I'm not going to confront anyone, but it's definitely made me re-evaluate who we socialise with.

It's also incredibly annoying when you spend your life trying to get people not to judge you based on your looks, to take you seriously as a professional woman, or to value you as a friend for your intelligence, wit or kindness, and then some prat, who quite frankly wouldn't stand a chance if you he were single and you met him in a bar, gets to decide how 'shaggable' you are.

OP posts:
BlueBlazerBlack · 15/08/2021 21:17

@JustWaking

Just to throw it in as a question: how much do you trust the person who told you, and could you find out from any of the other partners whether this is likely to be true or not?

Some people unfortunately like to cause upset and drama. She might be poking you with a stick to see how you react.

Fwiw, I'm pretty confident that my DH would never speak with his friends about partners in that way.

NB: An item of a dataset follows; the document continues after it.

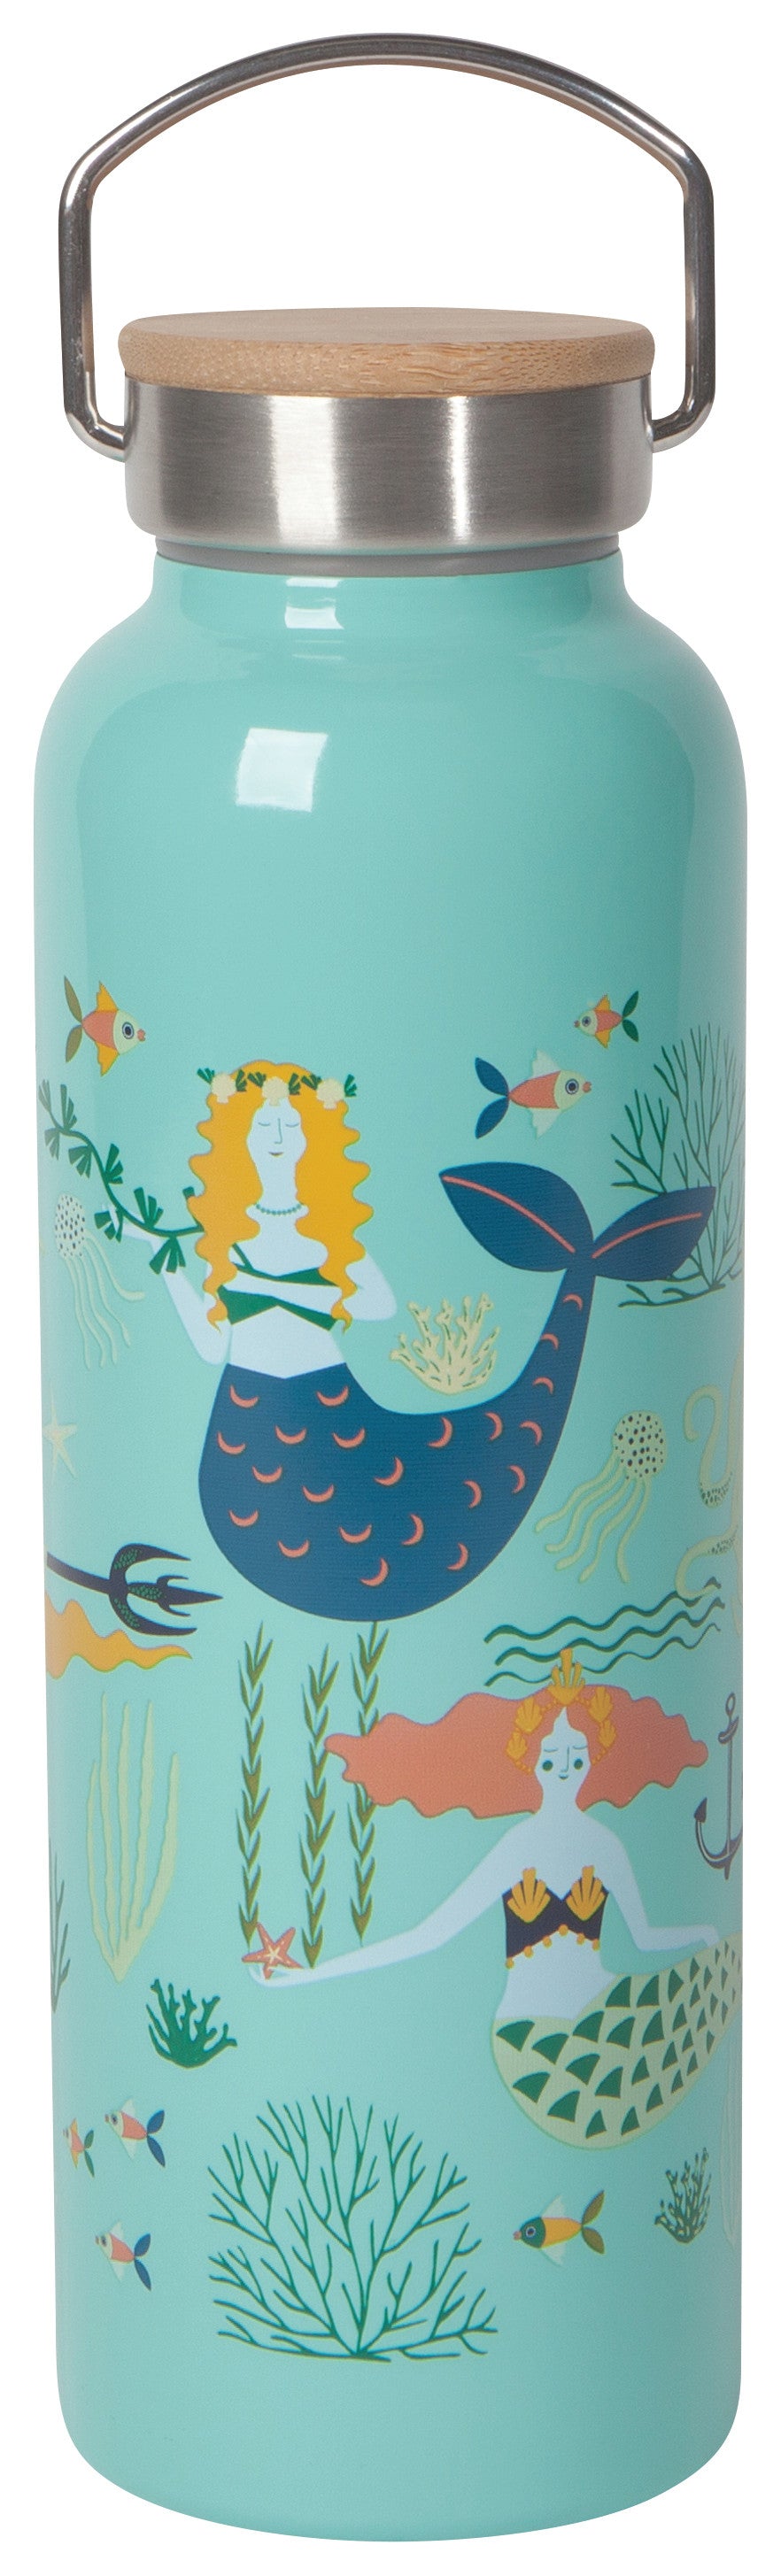 Roam Water Bottle - Mermaids Danica - Oscar & Libby's

We're not from a remotely conservative culture, but he's a decent person.

I don't 100% trust the person who told me, but I've heard from someone else, whom I do trust, that such comments were made on at least one occasion. The person who told me does like to cause drama, so she could have exaggerated the story, but I do think there is a grain of truth. What I struggle with is accepting that men in their 40s could still behave this way - even if it is 'banter', it's quite hurtful.
OP posts:
BreatheAndFocus · 16/08/2021 08:38

not all of them are like this but there are definitely one or 2 ringleaders who encourage bad behaviour in the others, but I thought it was more about drinking than making sexist comments. The other men are weak for joining in

See, this pisses me off. It’s usually a couple of men and the others either join in or stay quiet. They should speak up about this. The whole culture of misogyny and looking on women as inferior and walking sex providers is sustained by these men’s cowardice.

They start young with the disrespect. A boy of about 12-14 made a sexual comment to me the other day. I was so shocked it took me a while to compute. How on earth did he start seeing women as interchangeable objects that’s only value is sexual?

Do men get some kind of self-esteem boost by talking like this?